In my last column I referred you to XHTML as a way to transition from an HTML-based website to an XML-based website. Since XHTML is the future of HTML, I thought it was worth a closer look.
XHTML Defined
XHTML is an XML encoding of HTML 4. XHTML is defined by the World Wide Web Consortium (W3C for short), which also defines the various XML and HTML standards. XHTML Basic is a subset of XHTML geared specifically for small devices that can’t support the full functionality of XHTML — more on that later.
Why was XHTML developed? Although both XML and HTML are derivatives of SGML — Standardized General Markup Language — there are important differences between the two markup languages. HTML is quite forgiving when it comes to tag placement, missing tags, and attribute values. A web browser, for example, will correctly interpret an HTML page even if you leave out the <HTML> and </HTML> tags. Nor do they require that you place the </P> tag to mark the end of a paragraph. XML, however, has strict rules about the format and use of tags. These rules make it easier to parse XML documents. And more importantly, different XML parsers will interpret a given XML document in the same way. HTML parsers are not as consistent because the rules aren’t as strict, which leads to differences in the way web browsers display pages.
From HTML to XHTML
XHTML is the bridge between HTML and XML. It imposes XML’s strict syntax on HTML and defines XML document type definitions (DTDs) covering HTML 4.01. Take, for example, this simple HTML document:
<HTML> <HEAD><TITLE>Hello World!</TITLE></HEAD> <BODY> Hello world! <HR> Hello again! </BODY> </HTML>
When converted to XHTML it looks like this:<?xml version=”1.0″ encoding=”UTF-8″?> <!DOCTYPE html PUBLIC “-//W3C//DTD XHTML 1.0 Strict//EN” “DTD/xhtml1-strict.dtd”> <html xmlns=”http://www.w3.org/1999/xhtml” xml:lang=”en” lang=”en”> <head><title>Hello World!</title></head> <body> <p>Hello world!</p> <hr/> <p>Hello again!</p> </body> </html>
Not too different, is it? And to convert your HTML to XHTML there’s a tool called HTML Tidy that does the job very well.
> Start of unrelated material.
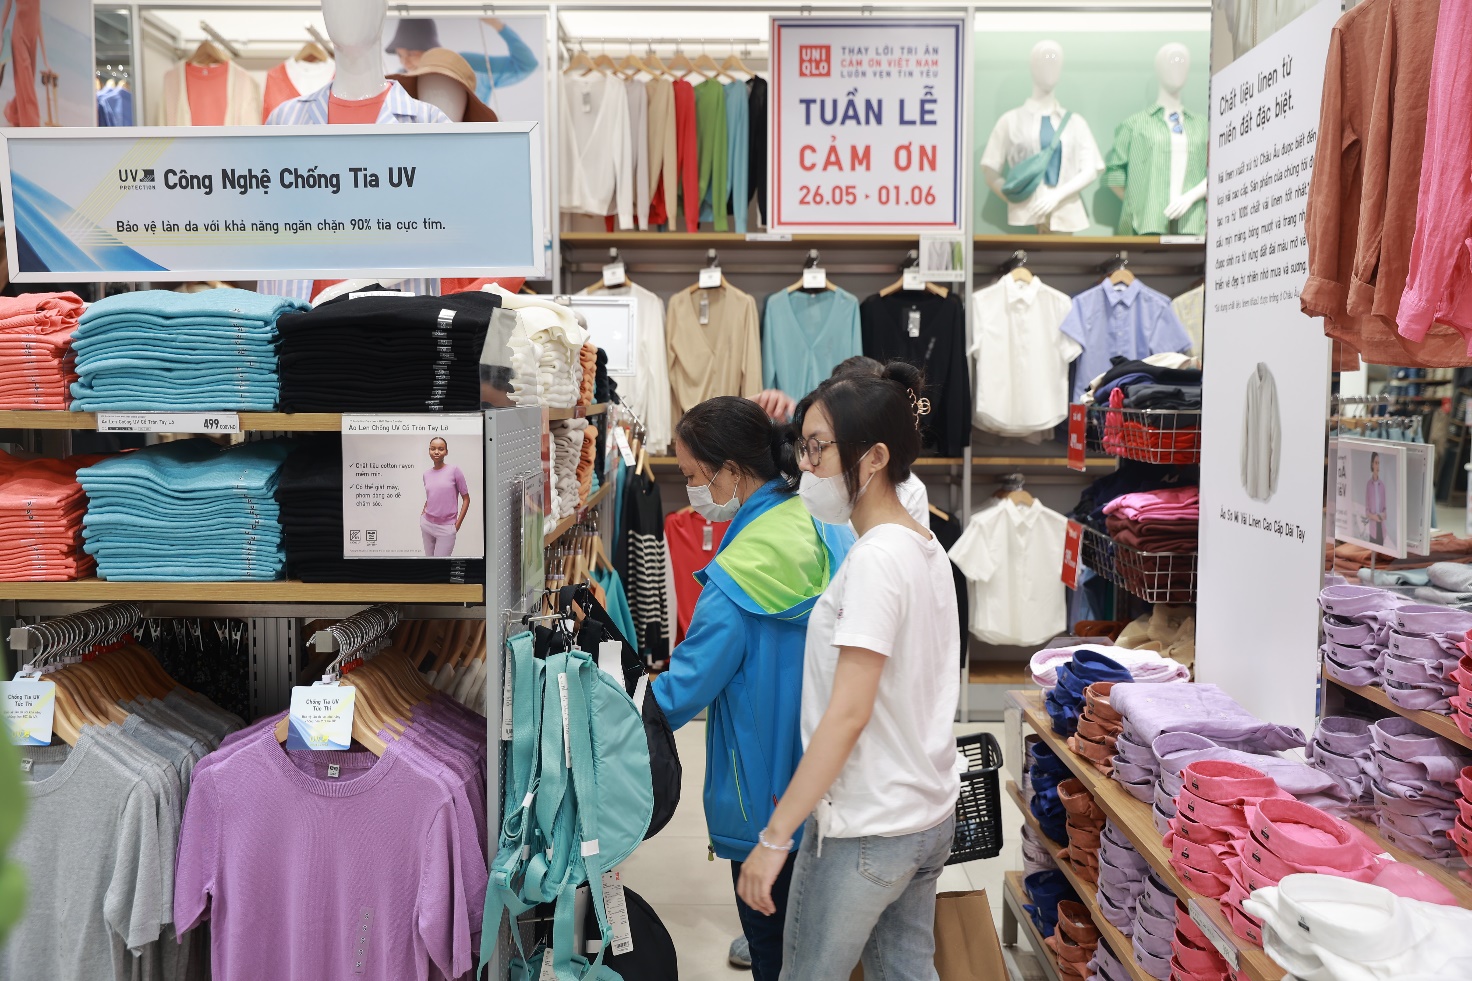 Khách hàng đổ bộ mua sắm tại cửa hàng UNIQLO ngay trong ngày đầu tiên của Tuần Lễ Cảm Ơn 26/5 - 1/6 - Ảnh 3.

But of course, today’s browsers don’t understand XHTML. For example, XML constructs like the shorthand notation for empty elements — where instead of using a start tag and an end tag (like <abc> and </abc>) you use a single tag ending in a slash (like <abc/>) — will be ignored or misinterpreted by web browsers.
We can take advantage of a web browser’s forgiving nature, however, and adapt our XHTML so that it can be read correctly by a web browser while still maintaining correct XML syntax. Appendix C of the XHTML specification shows you how to do this. For example, place a space between the tag and the trailing slash when specifying an empty element. In other words, use <hr /> instead of <hr>.
XHTML Basic
>From a small device perspective, however, XHTML is too large to support, because HTML 4 is itself very large. In order to encourage the adoption of XHTML for all devices, the W3C is currently defining a standard called XHTML Basic. It defines a standardized minimal subset of XHTML aimed specifically at “small information appliances”. It’s really a pre-emptive strike by the W3C to avoid the fragmentation of XHTML by third parties, which is what happened with HTML.
Does WML Disappear?
There will inevitably be a push to replace languages like HDML and WML with XHTML Basic. This only makes sense since the industry is moving towards adopting XML-based formats for almost every kind of data interchange. In fact, since WML is itself an XML language the transition to XHTML doesn’t seem that hard at first glance. However, you have to remember that WML (and HDML) also defines actions as well as content. These currently have no equivalent in XHTML. So, in the short term at least, WML and HDML aren’t going to disappear. It will be interesting to see who wins out in the end, though. Plan on supporting all three markup languages at some point!